С подобной робостью нервов, с такой сверхчувствительностью органов чувств героем не станешь; ведь характер всегда обязательно соответствует конституции тела. То, что этот хрупкий, субтильный человечек не способен стать вожаком сильных, грубых людей эпохи Возрождения и Реформации, можно понять, едва бросив взгляд на его духовный облик. «Нет ни единой черты выдающейся отваги», – говорит Лафатер о его лице; действительно, этих черт нет и в характере Эразма. Для настоящей борьбы этот лишенный темперамента человек не годится; Эразм может лишь защищаться, подобно тому, как это делают мелкие животные, которые в момент опасности прикидываются мертвыми или меняют окраску; во время волнений он предпочитает спрятаться в раковину, укрыться в рабочей комнате: лишь за валом книг чувствует он себя в безопасности.

Наблюдать Эразма в роковые, чреватые чрезвычайными событиями мгновения мучительно, ибо, когда обстановка особенно накаляется, он поспешно выползает из опасной зоны, прикрывает свое отступление от любого решения ничем не обязывающими «если» и «поскольку», качается, словно маятник, между «еда» и «нет», сбивает с толку своих друзей, злит своих врагов, а тот, кто рассчитывал на него как на союзника, чувствует себя жалким образом обманутым. Ибо Эразм, непоколебимый индивидуалист, не желает оставаться верным никому, кроме как самому себе. Он инстинктивно ненавидит любой вид решения, поскольку все они связывают, и, вероятно, Данте, этот страстно любящий человек, из-за присущей Эразму нерешительности сбросил бы его в чистилище к «нейтральным», к тем ангелам, которые в битве между Богом и Люцифером не желали примкнуть ни к тому, ни к другому:

…ангелов дурная стая,Что, не восстав, была и не вернаВсевышнему, средину соблюдая[73].
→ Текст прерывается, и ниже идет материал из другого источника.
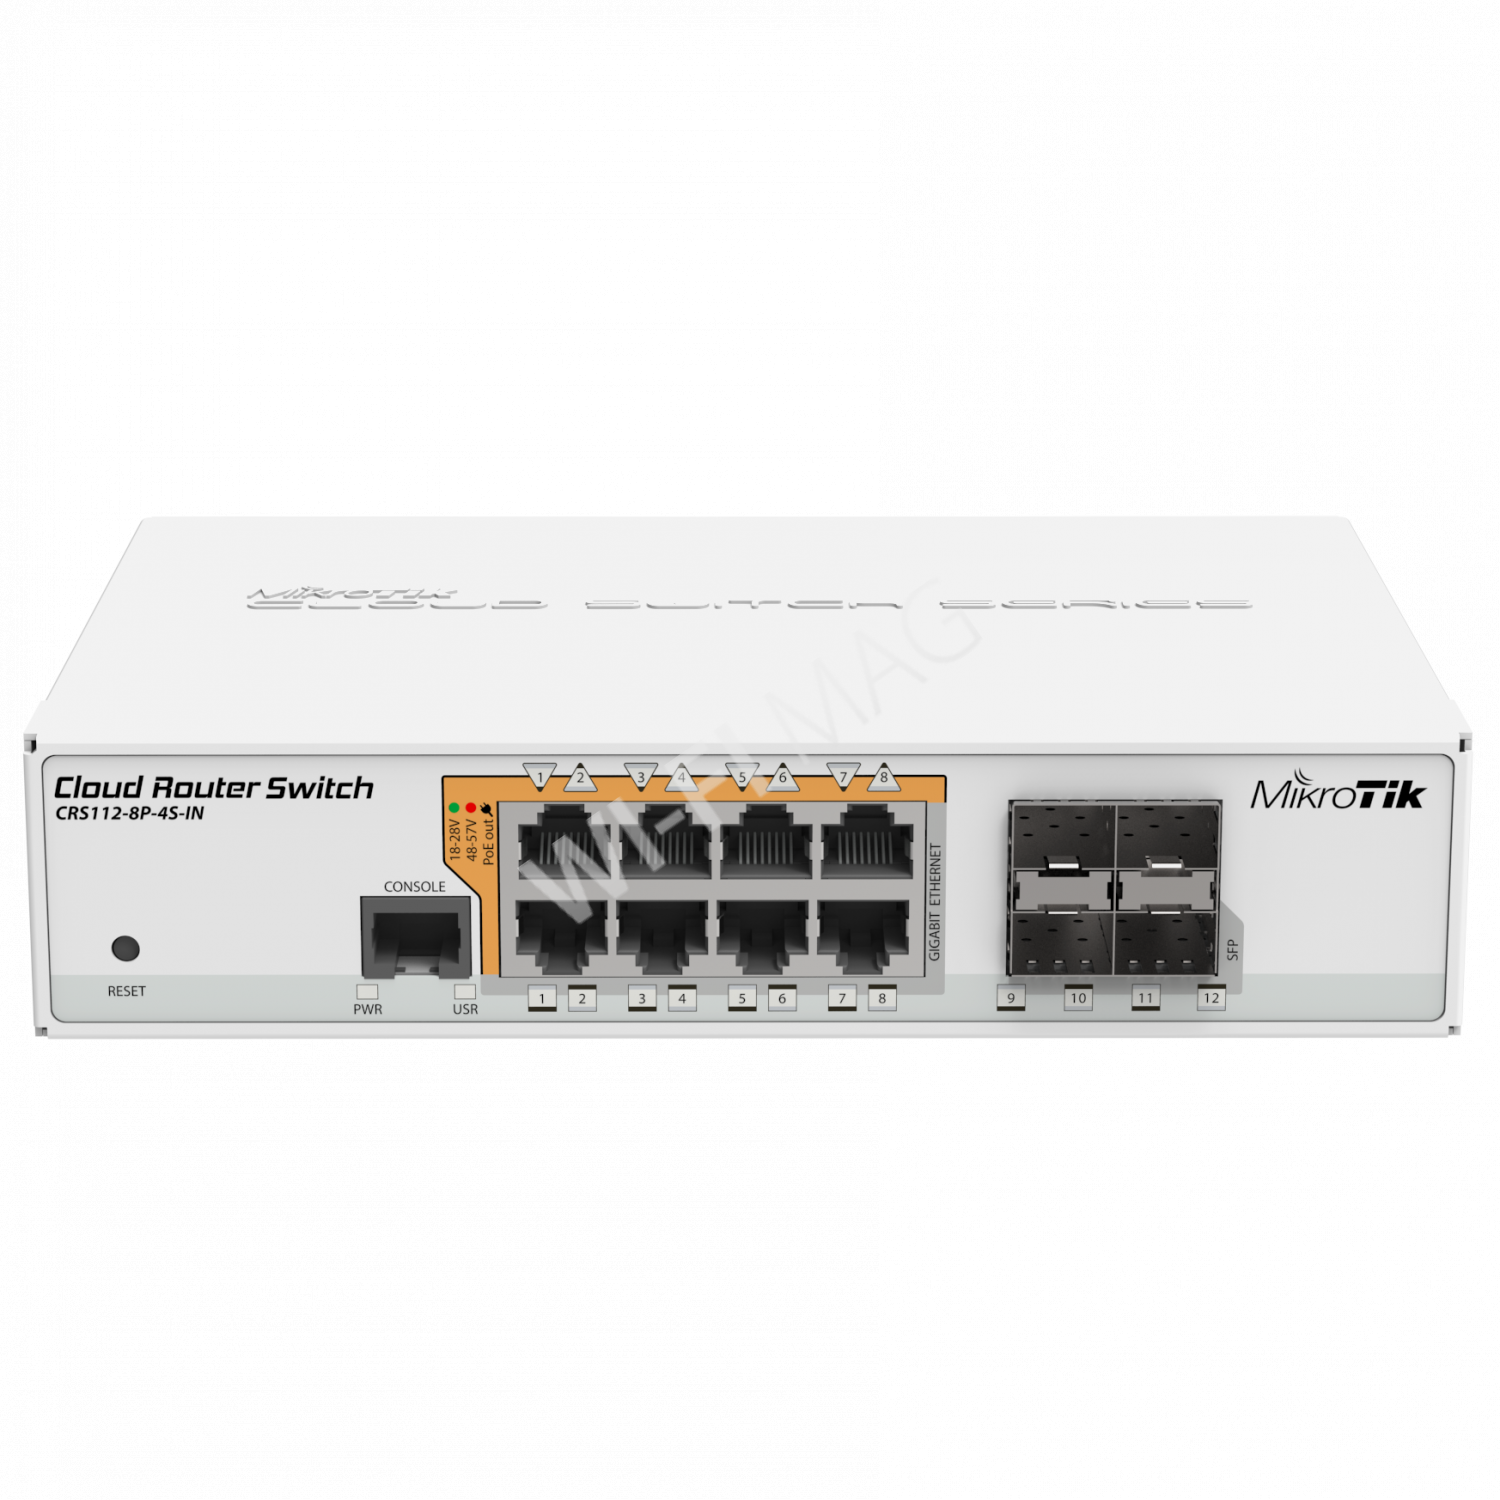 Mikrotik Cloud Router Switch CRS112-8P-4S-IN, коммутатор с функциями маршрутизатора

Там, где требуется самоотверженность, там, где надо принять на себя какие-либо обязательства, Эразм отступает в свою холодную раковину беспартийности, ни за какую идею в мире, ни за какое убеждение он никогда не положит голову на плаху как подвижник. Эта слабость характера очень хорошо известна самому Эразму. Послушно подтверждает он, что его тело, его душа ничего не содержат от той материи, из которой формируются мученики, но для своего образа жизни он принял шкалу ценностей Платона, по которой первейшими добродетелями человека являются справедливость и уступчивость, мужеству же отдается второе место. И мужество Эразма проявляется в том, что он откровенно не стыдится этого своего малодушия – крайне редкая форма порядочности для всех времен, – и на брошенный ему однажды грубый упрек в отсутствии воинственной храбрости он, посмеиваясь, тонко отвечает: «Если бы я был швейцарцем-ландскнехтом, это был бы тяжелый упрек. Но я ученый, и мне для моей работы нужен покой».
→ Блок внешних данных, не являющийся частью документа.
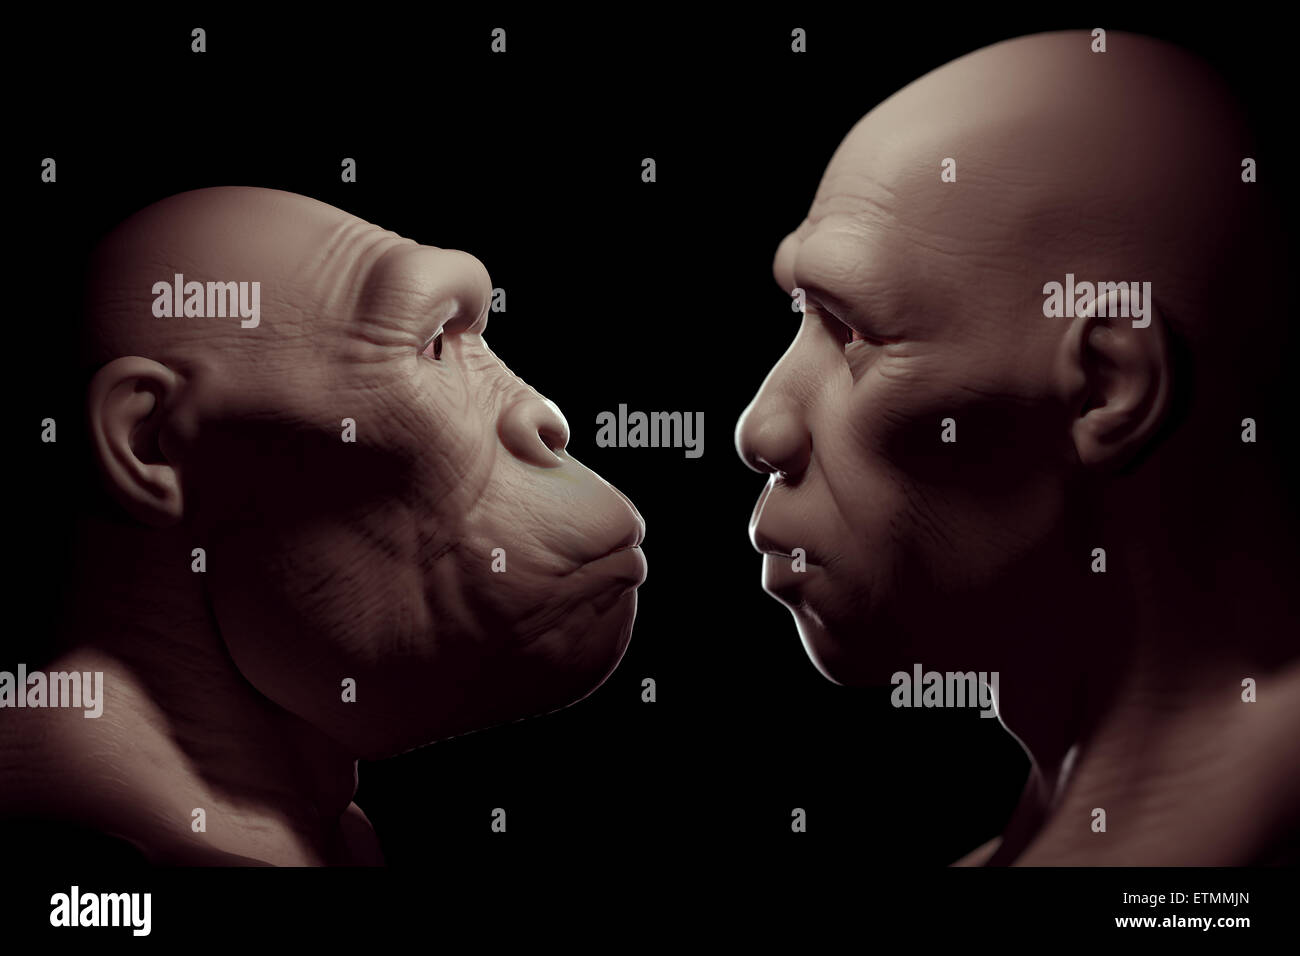 Depiction of an Australopithecus face to face with a Homo Sapiens.  Australopithecus is an extinct genus of hominids and early ancestor to Homo Sapiens. Stock Photo

Надежным в этом ненадежном человеке был лишь один момент: неустанно и непрерывно работающий мозг, этот как бы самостоятельный организм, существующий вне тщедушного тела. Не зная никаких соблазнов, никакой усталости, никаких сомнений, никакой неуверенности, с самых молодых лет до смертного часа работает он с ясностью, с силой, испускающей свет. Эразм плотью и кровью – хилый ипохондрик, в работе – титан. Не более трех-четырех часов сна требуется его слабому телу, остальные двадцать часов он неутомимо трудится: пишет, читает, спорит, сличает копии с оригиналом, исправляет написанное. Он пишет в пути, в трясущемся возке, стол на любом постоялом дворе превращается для него в пульт. Бодрствование и литературная деятельность для него – синонимы, перо – в известной степени – шестой палец руки.
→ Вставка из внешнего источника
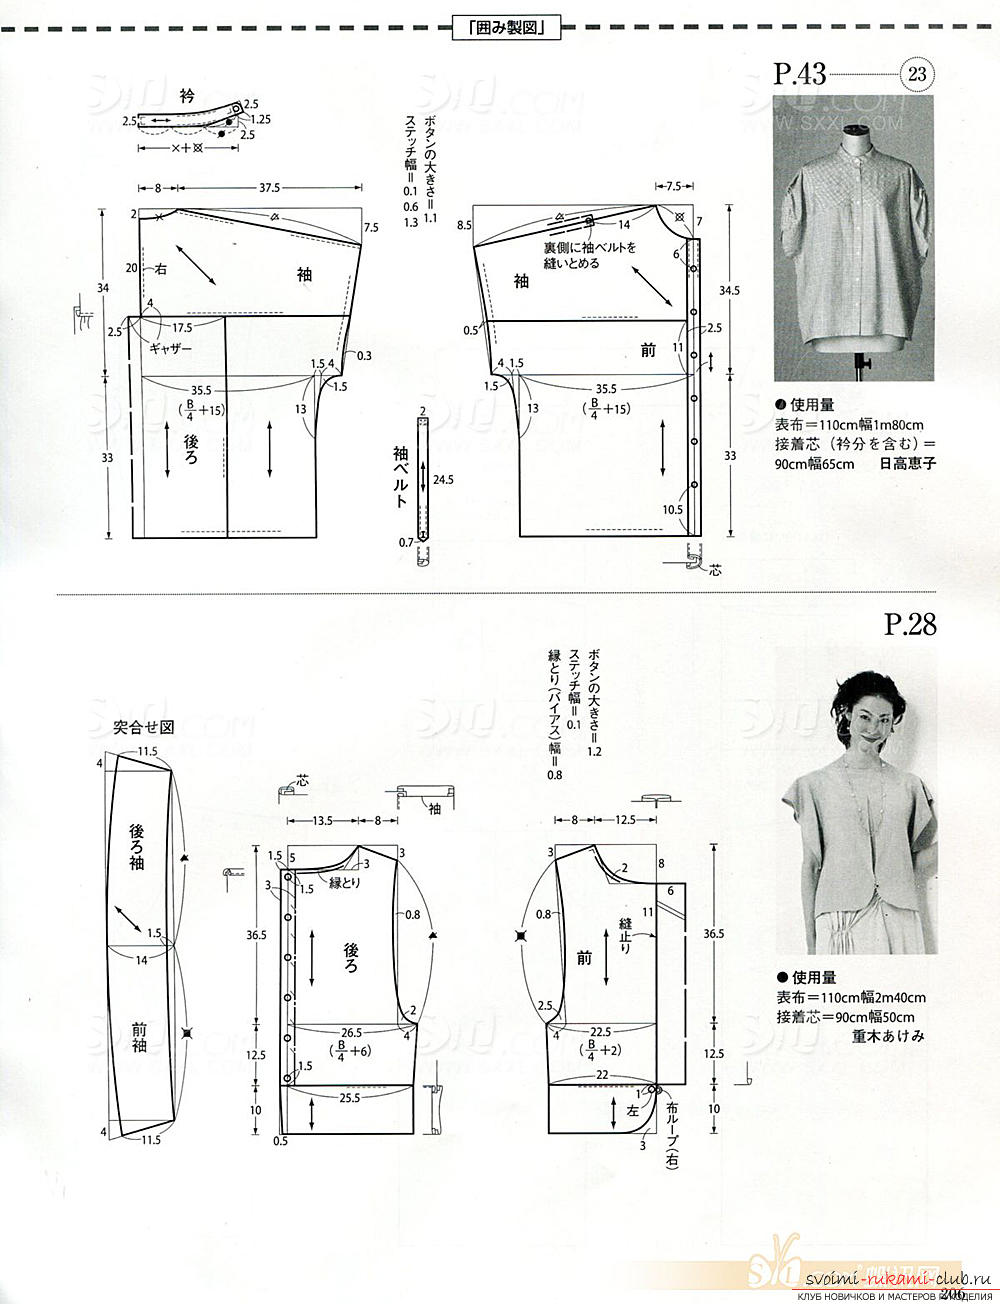 Photos of patterns of women's clothing patterns. Photo number 16

Окопавшись за своими книгами и рукописями, он ревностно, с любопытством, словно в камере-обскуре, наблюдает все, что происходит вокруг него, ни один успех в науке, ни одно открытие, ни один памфлет, ни одно политическое событие не ускользают от его зоркого глаза, все, что происходит на земном шаре, известно ему из книг и писем. То обстоятельство, что Эразм воспринимает действительность почти исключительно через написанное, напечатанное слово, то, что он общается с действительностью только через мозг, придает его произведениям черты академичности, привносит в них известный холодок абстрактности; как телу Эразма, его произведениям часто недостает сочности и чувственности. Лишь рассудком, не пятью органами чувств, познает он мир, но его любопытство, его жадность к знаниям охватывают все сферы деятельности человека.

Перейти на страницу:

Похожие книги

Адмирал Советского Союза
Адмирал Советского Союза

Николай Герасимович Кузнецов – адмирал Флота Советского Союза, один из тех, кому мы обязаны победой в Великой Отечественной войне. В 1939 г., по личному указанию Сталина, 34-летний Кузнецов был назначен народным комиссаром ВМФ СССР. Во время войны он входил в Ставку Верховного Главнокомандования, оперативно и энергично руководил флотом. За свои выдающиеся заслуги Н.Г. Кузнецов получил высшее воинское звание на флоте и стал Героем Советского Союза.В своей книге Н.Г. Кузнецов рассказывает о своем боевом пути начиная от Гражданской войны в Испании до окончательного разгрома гитлеровской Германии и поражения милитаристской Японии. Оборона Ханко, Либавы, Таллина, Одессы, Севастополя, Москвы, Ленинграда, Сталинграда, крупнейшие операции флотов на Севере, Балтике и Черном море – все это есть в книге легендарного советского адмирала. Кроме того, он вспоминает о своих встречах с высшими государственными, партийными и военными руководителями СССР, рассказывает о методах и стиле работы И.В. Сталина, Г.К. Жукова и многих других известных деятелей своего времени.Воспоминания впервые выходят в полном виде, ранее они никогда не издавались под одной обложкой.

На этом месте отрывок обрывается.